The Elder Brother But what became of their elder brother? . He must have approved of his brothers’ venture and may have helped finance it; but he elected to stay in Ireland rather than go to the Delaware. By 1687 Thomas was a married man of about 40 years of age, with a large and growing young family as shown by these data. Existing records show that he, Thomas Harland, had married Katherine Bullock on 7 February 1680 in the Quaker manner at the “house of Francis Robinson in the Parish of Sego County Armagh”. “They were the parents of one son, Ananias, and four daughters Rebecca, Patience, Christian and Katherine. There is uncertainty concerning his date of death, but Quaker records at the Public Record Office in Northern Ireland [PRONI] list the burial of a Thomas Harland at Moyraverty Quaker Burial Ground (near Lurgan) in 1683.His wife died in March 1690.
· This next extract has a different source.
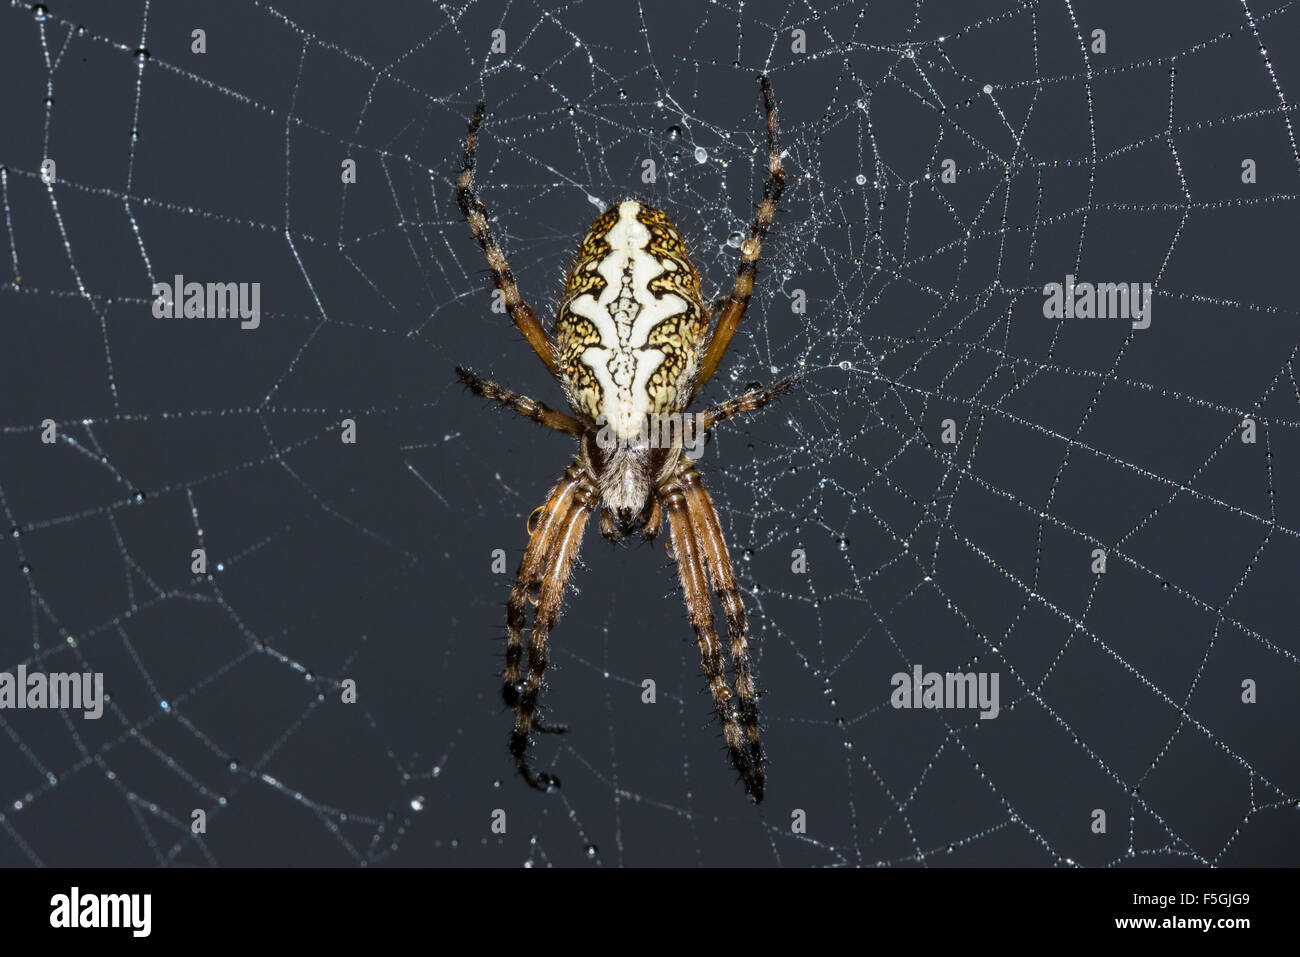 Oak spider (Aculepeira ceropegia), Province of South Tyrol, Trentino-Alto Adige, Italy Stock Photo

Alpheus Harlan claims that after being a widower for over 12 years, Thomas Harland married his second wife, Alice Foster, of Lisnegarvy at Richard Boyes house, Ballinderry Meeting, County of Armagh, on 11 August 1702. They were the parents of two sons, James and Thomas, and of one daughter, Abigail.” There is also a 1723 reference to a Thomas Harland being given assistance by the Friends following a fire “he being too old to recoup alone” This could be our Thomas at 76 years of age.
The Quaker records also show that Thomas (c.1648, m.1680) Harland’s daughter, Patience Harland of Lurgan, married James Alderdice of Lurgan in 1707; and that Patience Allerdyce, daughter of George Allerdyce married a James Harland. Could this be Patience Alderdice’s young stepbrother? This marriage did not meet with the approval of the Meeting, because James Harland was not a Quaker, and as a consequence Patience was 'disowned'. The date of the wedding is uncertain, but that they had eight children between 1757 and 1775. Could either of their sons, George Harland, born 24 April 1761 or his brother Michael born 1 January 1765, be the missing link in a chain about to be revealed?
Although it might be assumed that there is bound to be such a link between one or all of these Harlands and those mentioned in later sections, it is certain that no such link has been proven. Indeed, because of the disastrous loss by fire of many of the Church of Ireland records in Dublin in 1922 the chance of proof seems likely to have gone forever.